A year ago, we enacted the general anti-abuse rule. One argument that Mr Aaronson made when he reviewed that idea was that it would allow us to have fewer of these complicated, focused anti-avoidance rules in Finance Bills and to avoid cluttering up the tax regime with more complexity because we would be able to rely on the general rule. I look forward to seeing that, rather than another huge, thick Finance Bill next year.

Subsection (1) of new clause 12 speaks of

“tax arrangements that are abusive.”

Surely those come within the general anti-abuse rule and can therefore be challenged, even if they are technically legal. Given that, we will not need to come back and assess the three items that are set out, because they will already have been tackled and there will be no further revenue to raise.

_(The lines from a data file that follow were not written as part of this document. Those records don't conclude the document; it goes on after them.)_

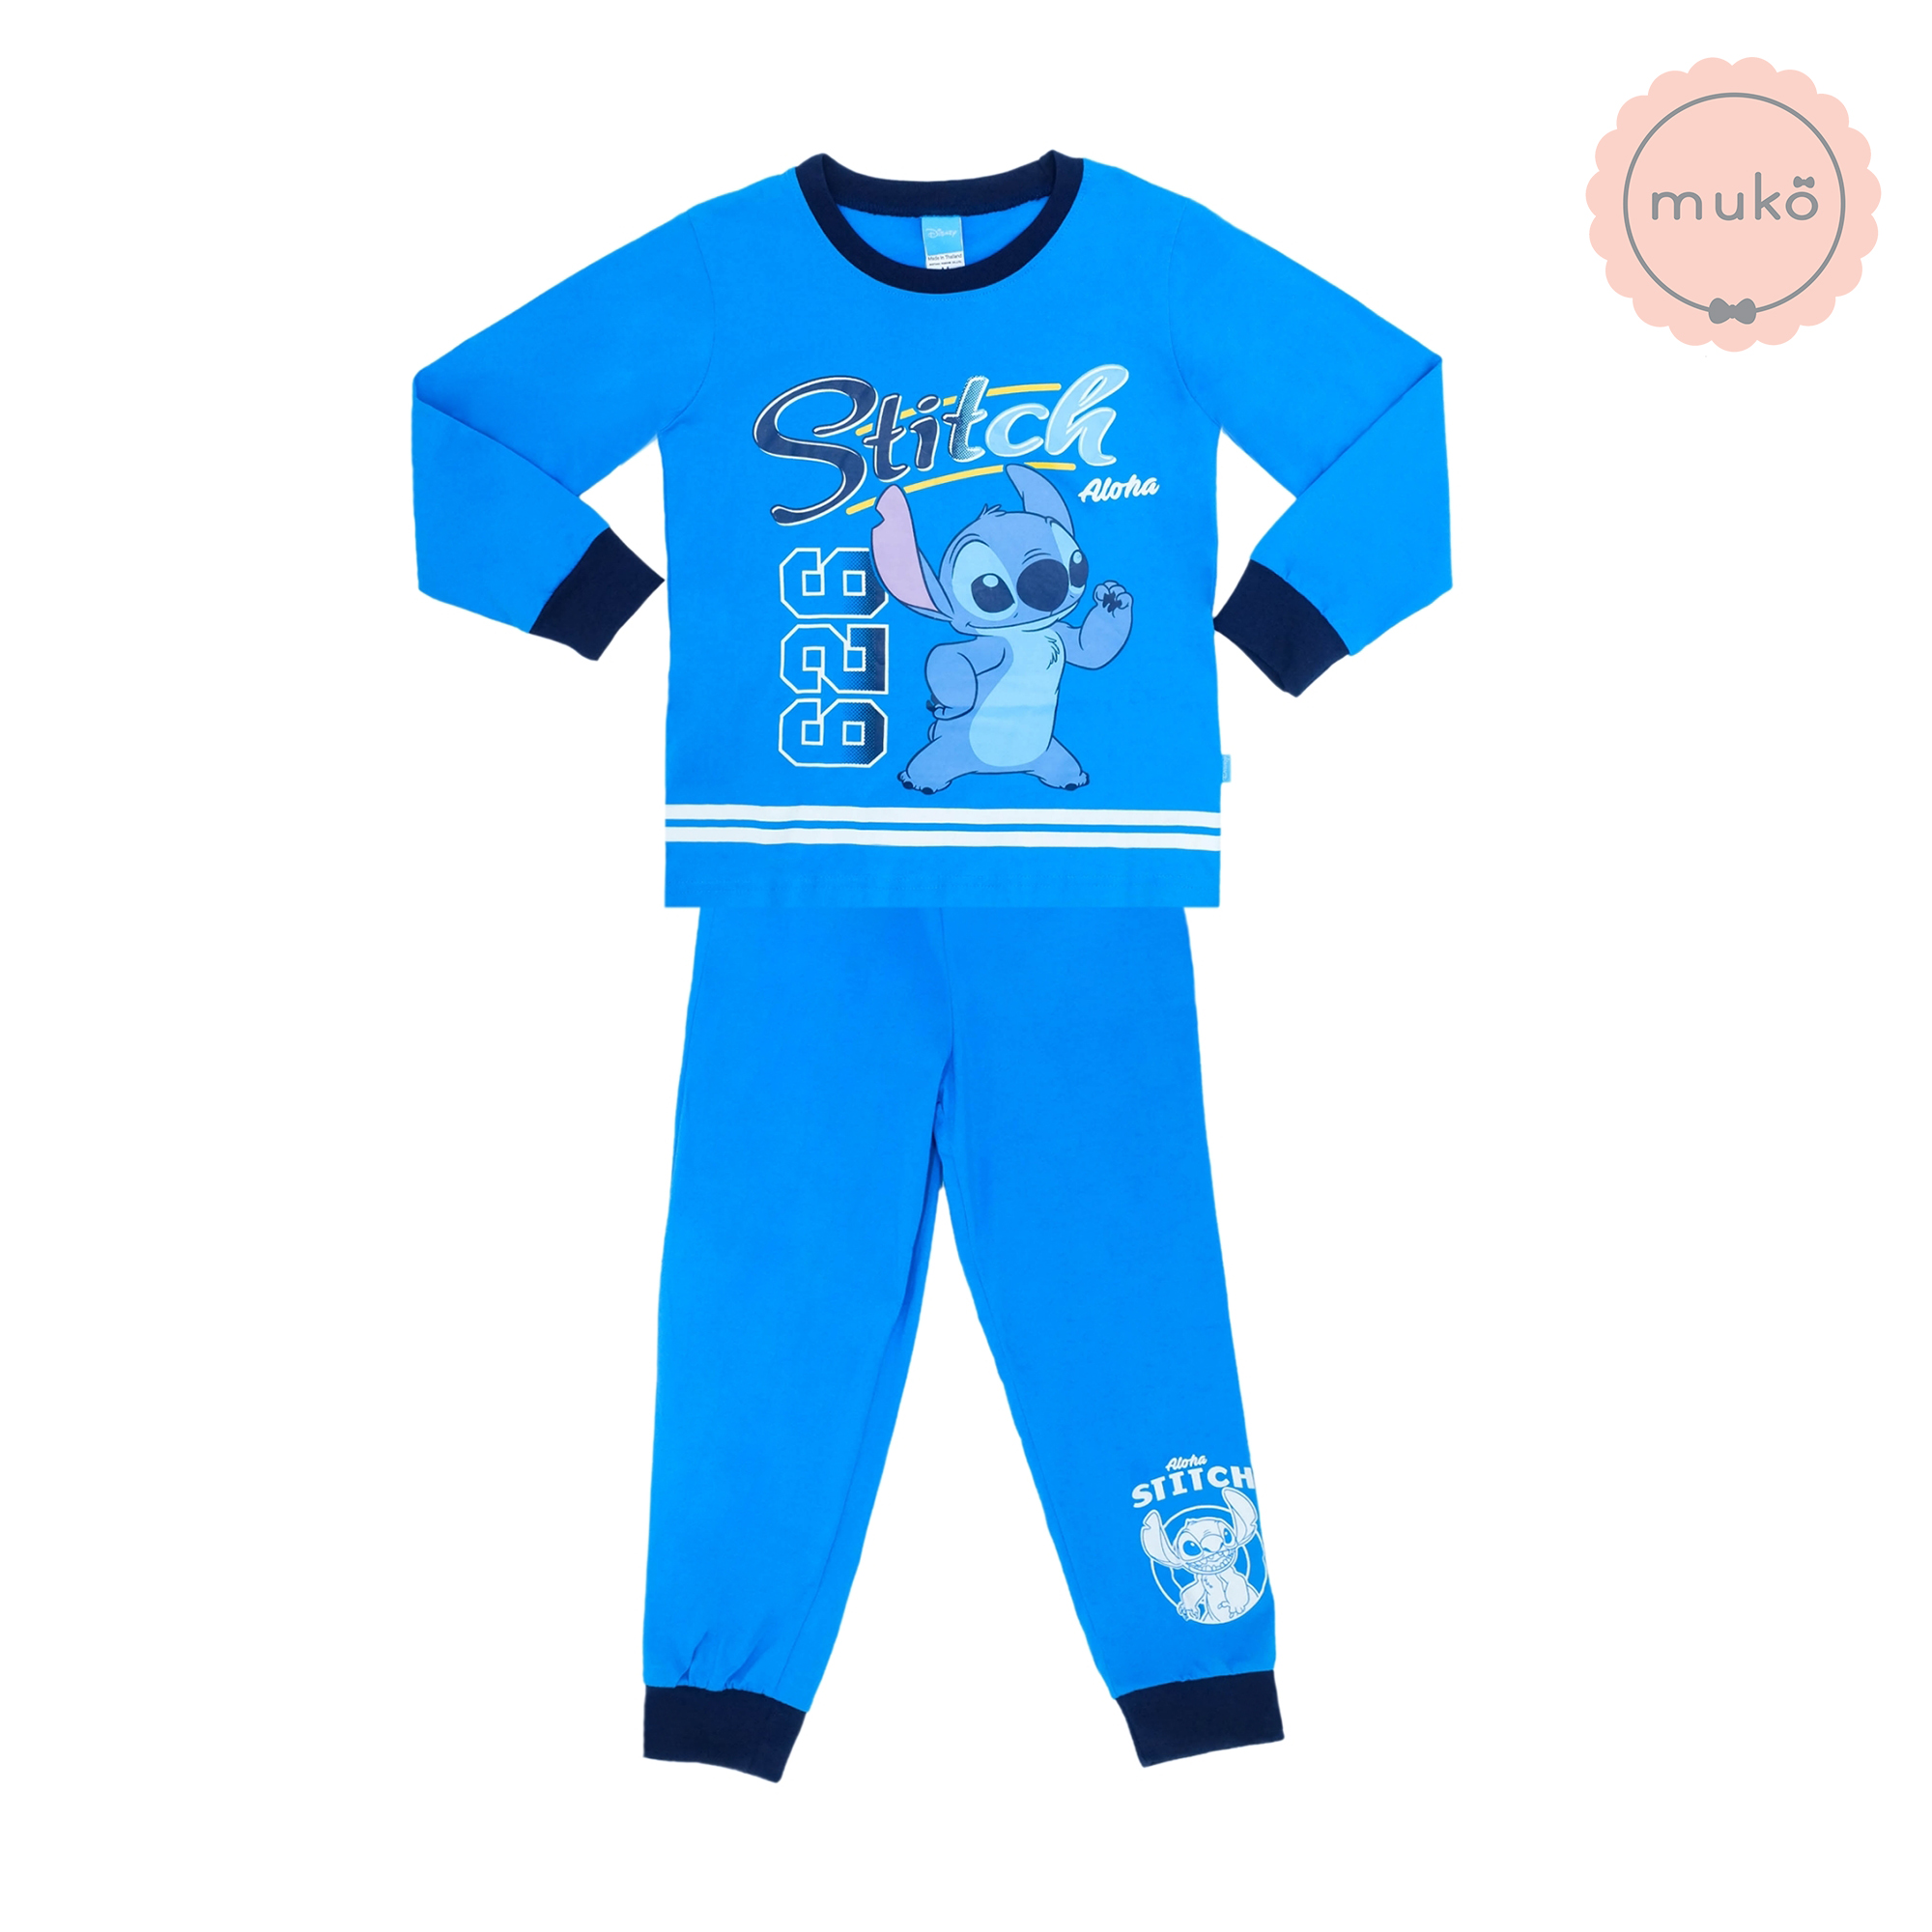 ชุดเด็ก 6-7 ขวบ แขนยาว-ขายาว (Size L) DLS127-690-XL-Blue L ลาย สติช Stitch สีฟ้า (ฟ้าทั้งชุด)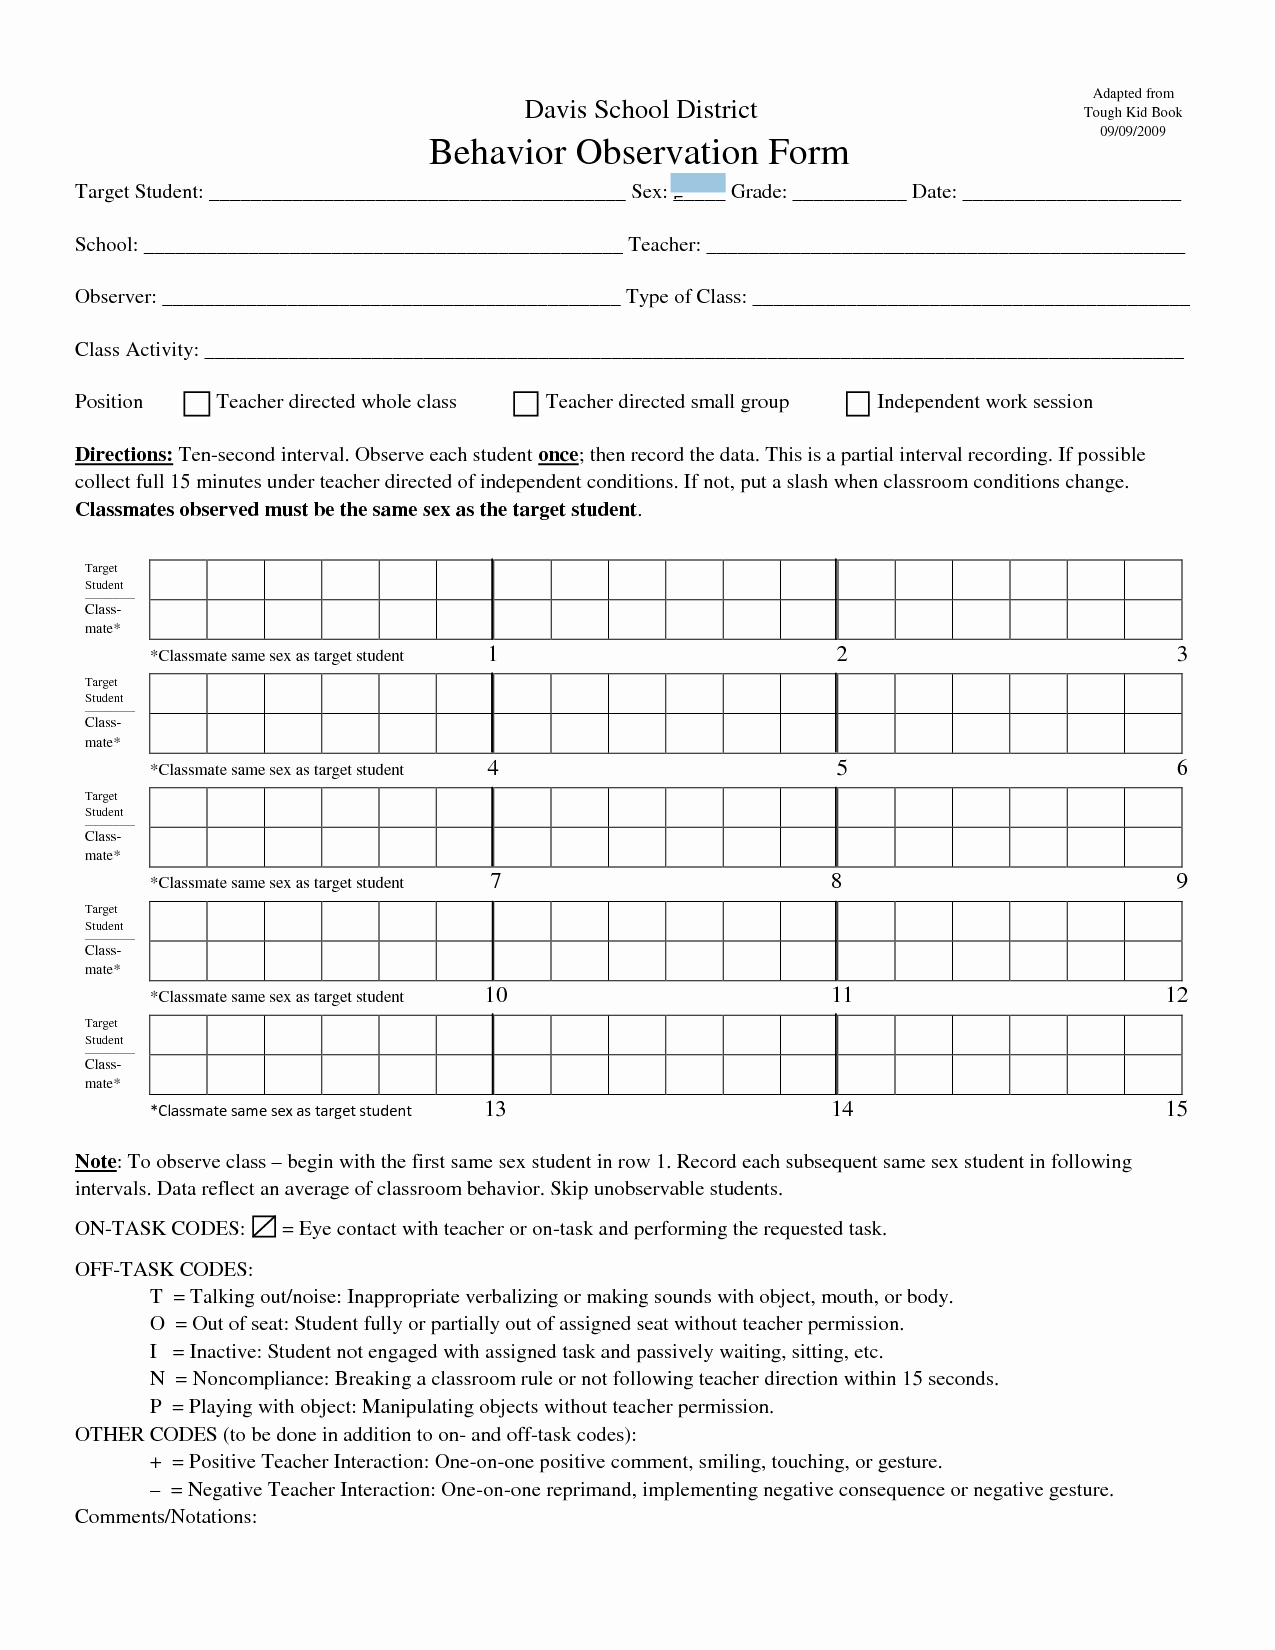 Preschool Teacher Observation form Template Awesome Student Behavior Observation form assessment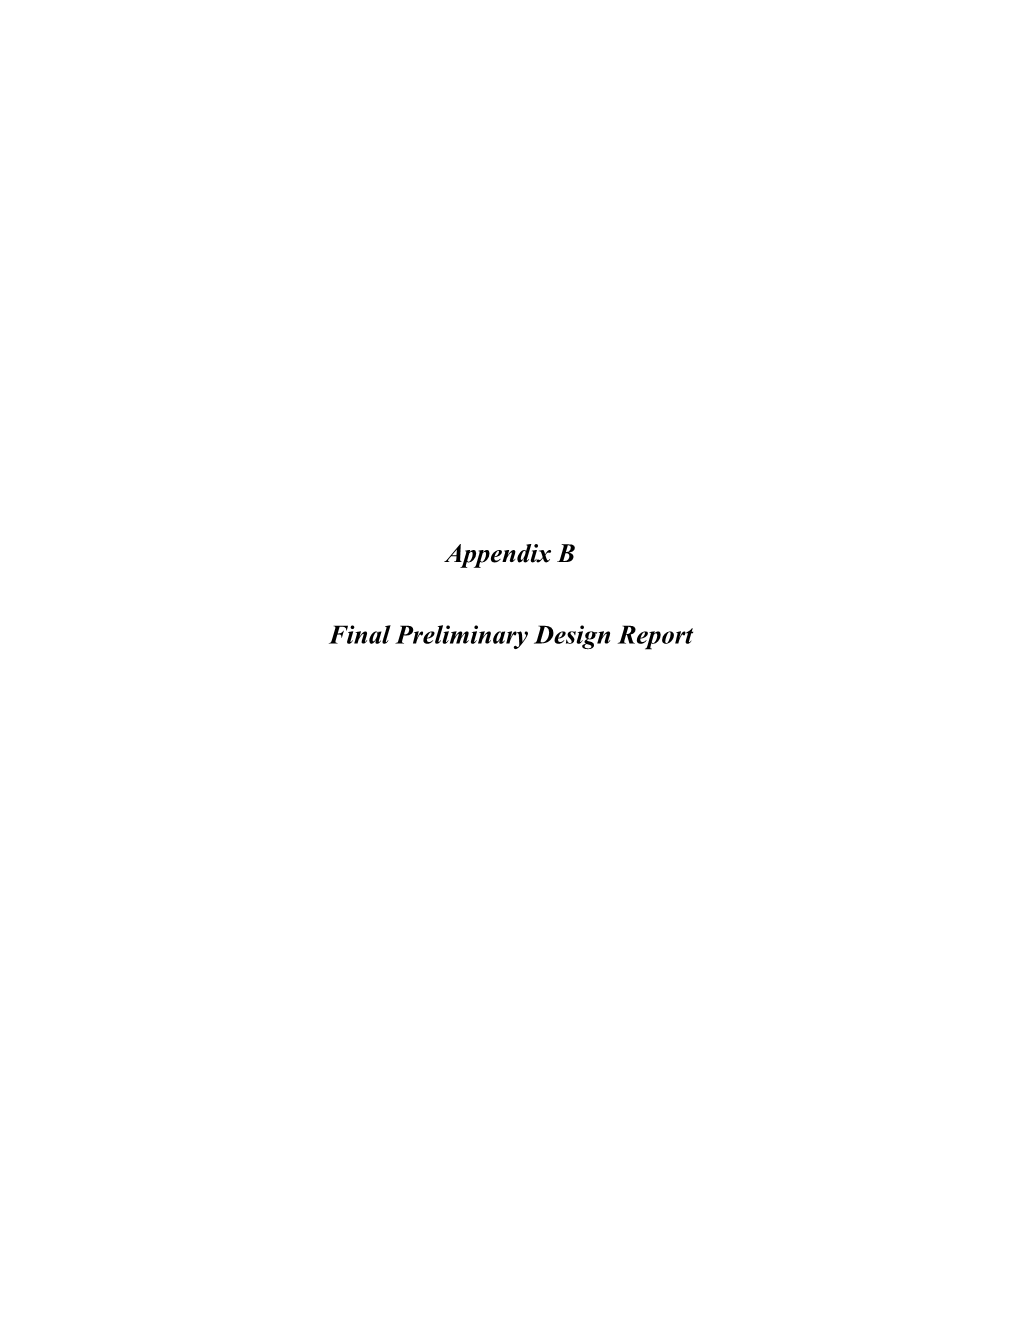 Appendix B Final Preliminary Design Report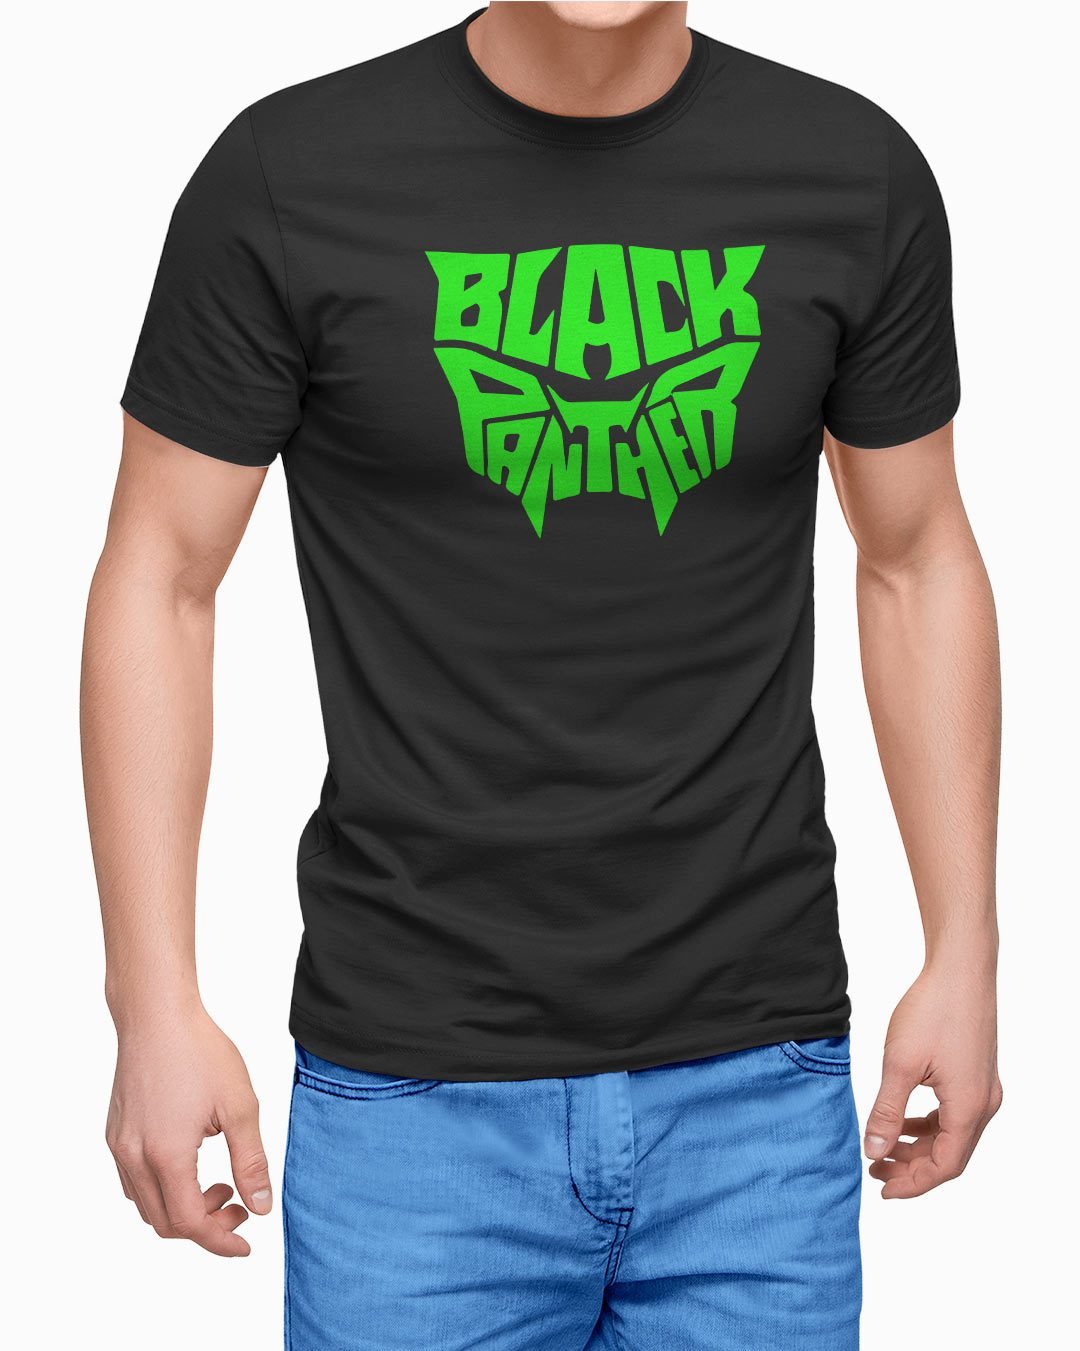 Black Panther Glow in dark Printed T-Shirt for men

I racked my brains and did a bit of googling to try to find methods of tax avoidance using dormant companies. I struggled to think of one, because once a dormant company does something, it ceases to be dormant and therefore cannot be used to avoid tax. If what is meant is that companies are pretending to be dormant, but are actually active and are not filing returns that they know full well are due, that is tax evasion and should be clobbered severely using the existing rules. We probably do not need to create a huge compliance burden for every innocent dormant company out there. There might be sensible reasons for maintaining those companies, such as to protect a name or previous transactions, or simply that the cost and hassle of striking them off are greater than they ought to be. That would be an unreasonable compliance burden to impose.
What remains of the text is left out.